Close this search box.
Te Papa: Brian Gill on sympathetic vision

Te Papa Tongarewa, the Museum of New Zealand, on the Wellington waterfront. Photo: Mark Mitchell.

Brian Gill, Running museums requires a sympathetic vision, NZ Herald, 1 August 2018

The current upheaval at Te Papa is the latest of many damaging disruptions at our major museums and we need to ask how well these public organisations are being served by the neo-liberal corporate approach to their administration.

Museums, and many other public service institutions, were taken over in the 1990s by new kinds of managers persuaded by this ideology that they were running purely commercial enterprises.

This brought in a self-reinforcing system with large, top-heavy management structures dominated by generalist managers who have mostly lacked specific knowledge or experience of the disciplines (like botany, zoology, archaeology, ethnology, history, art and librarianship) that underpin museums. They may all know the price, but few seem to know and understand the specialist value of what they’re managing.

We must not forget the events in museums that showed us the ugly side of what has been called “the cult of the manager”.

At Auckland Museum some 26 staff were lost in a destructive reorganisation in 1997. Under another director in 2008 successive waves of staff had to reapply for their own positions. Forty-six staff were shed and replacements expensively recruited. The Herald ran an editorial “Museum Risks Losing Authenticity. “

Other headlines were: “Museum’s Arrogance is of the Highest Order”, “Deputy Quits after Clash at Museum”, “Threat of Staff Strike Hangs over Museum Birthday Bash”, and “Showdown at City’s Museum”.

Finally, in the aftermath, troubling details emerged: “Museum Faces $1m Shortfall”—”Auckland Museum is facing a dramatic sag in finances and visitor numbers …”.

“The former boss of the Auckland War Memorial Museum racked up almost $50,000 in international travel and spent more than three months abroad in her troubled two-year tenure”.

At Otago Museum, the tenure of the former director from seven year ago “has been tumultuous. There has been a high turnover in personnel, allegations of fractious relationships with staff, and the embarrassment of the discovery that for 12 years in its Annual Report the museum had claimed [he] had a qualification he did not actually have.

“An investigation … saw the museum reluctantly reveal [his] salary was $310,793—more than the highest-paid staff member at national museum Te Papa”.

A later headline when the director left said “Museum Pays $699,000-plus to Departing [Boss]”.

Te Papa got a new chief executive in 2010. Before long there were dramatic plans to split the museum into two new entities, and a proposal to move part of the collection to Auckland.

Restructuring in 2012 saw 31 positions lost and new ones created. Later it was reported that “Te Papa has lifted the lid on [the ex-C.E.O.’s] disastrous tenure as its chief executive. When [he] left the National Museum in May, in the wake of two big loss-making exhibitions, it was facing an annual deficit of up to $14 million.”

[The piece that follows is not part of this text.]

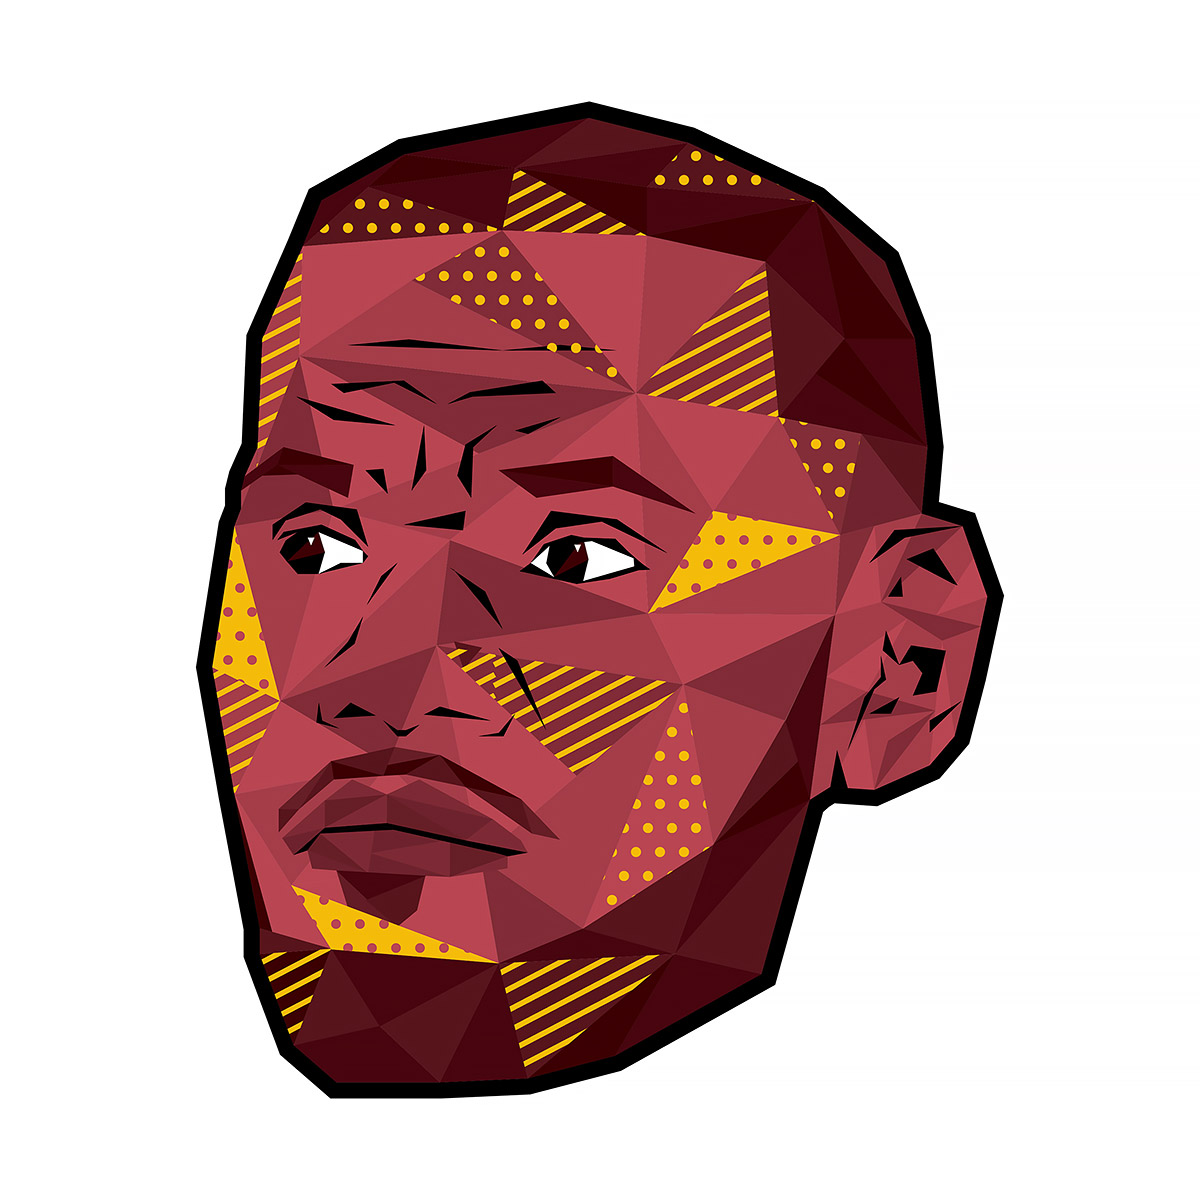 NBA球星POP艺术插画设计

Newspapers don’t get everything right, but there’s no denying a litany of extreme and damaging events amounting to a serious indictment against the corporate-mimicking style of museum management.

Te Papa’s current proposal to shed further specialist staff, ditch the national fish collection and move other collections to a cheap warehouse in Auckland (from the well-built Tory Street building the taxpayers recently paid millions to upgrade), risks more damaging headlines.

After several recent restructurings you might think Te Papa now needed some quiet consolidation. But you won’t get that under the corporate-parroting model. No top managers want “quiet consolidation” on their CVs.

And so there is an endless search for novelty and reconfiguration. It’s hard to avoid the conclusion that this also serves the pretence that the diversion of resources to fund so many managers is achieving something.

In short, the business-style charade allows museum managers to act out radical changes as if they were defending the value of shares on some stock exchange. Well there aren’t any shares, but there are “shareholders” – the people of New Zealand – and surely we deserve better. It’s clear now that there is no end-point to the disruptions – just continuous gratuitous change with staff careers and museum collections as the pawns.

This tired system is barren and broken. It is no way to care for our national patrimony. I believe it’s time for a new style of public service museum, characterised by stability and small bureaucracy, and led, not by generic managers, but by staff with a vision based on specialist knowledge, local experience and a true understanding of the purpose and potential of museum collections.

CLARIFICATION: The Otago Museum director mentioned was a former director from seven years ago, and not current director Dr Ian Griffin. The Herald apologises for any confusion.

• Dr Brian Gill worked in museums for 30 years and wrote The Unburnt Egg: More Stories of a Museum Curator.